I tried disabling/enabling the wireless connection, I disabled the adapter in Device Manager, and I also physically turned the wireless switch off and on. Again, same result. It finds the network, connects to it, gets an IP, but... nothing more.

I also ran WinsockXP Fix, but that didn't fix it.

Additionally, I updated the Intel 2200BG drivers, I tried reverting back to older drivers, I looked in the device settings for anything to do with power management (but couldn't find anything as far as it powering down the adapter upon hibernation or anything like that). I also looked through my BIOS settings to see if there were any such settings, but I didn't find anything related to my wireless network adapter. Finally, I disabled the Windows Firewall, just to be sure.

So I'm lost! I don't understand how the computer can see the wireless network, connect to it, get an IP address, and yet not be able to ping the router anymore or log on to the Internet! It is definitely caused by hibernating or going on standby, and it's always fixed by rebooting, so it's certainly not a permanent problem.

If anybody has any ideas, I would love to hear them! This is pretty maddening, as I love to use standby and hibernate, but it's real frustrating to lose your wireless connection upon resuming.

Thanks for any help you can offer!

Luke


----------



## TerryNet (Mar 23, 2005)

I have a Dell laptop with the same wireless adapter. Sometimes when I come out of hibernation the wireless connection works and sometimes not. If I don't want to take the chance of having to reboot I switch the wireless off before hibernating. I've never used Standby on that computer.

When Standby or hibernation don't work as desired I just don't use them. There are other issues I'd rather fight.
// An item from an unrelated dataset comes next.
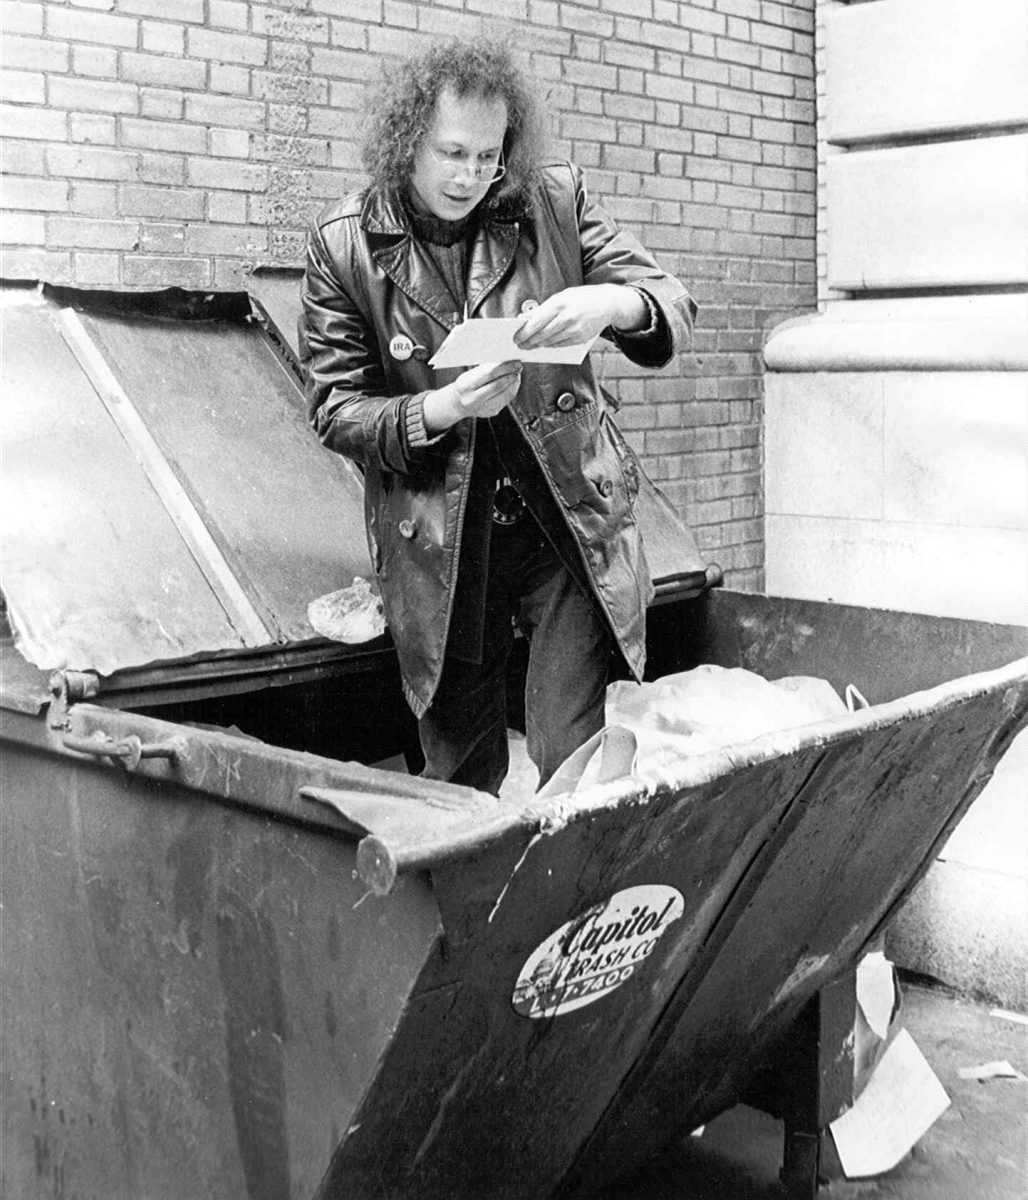 Guy looking through dumpster diving.

Try the trick of switching the wireless off or disabling the connection; you're not likely to find a real solution.


----------



## imekul (Oct 14, 2007)

That's a good idea. I think I'll try that until I can find a real fix. Thanks for bringing it up!

If anyone else has any input, please feel free to chime in. There's got to be a solution somewhere, I would think.


----------



## 0inxs0 (Feb 22, 2008)

Appears that I started getting same issue after changing my dd-wrt/router from WEP to WPA-Personal? I'm going to try the switch off wireless then hibernate. Sounds like it will work, but not a long term solution. I hope that the WEP > WPA change will get the answer 
I'll post back after testing possible solution above.


----------



## 0inxs0 (Feb 22, 2008)

http://support.microsoft.com/default.aspx?scid=kb;en-us;885293

Article ID	:	885293
Last Review	:	August 29, 2007
Revision	:	2.0

We'll see, their fix in the above article stop/start service Wireless Zero Networking doe not work


----------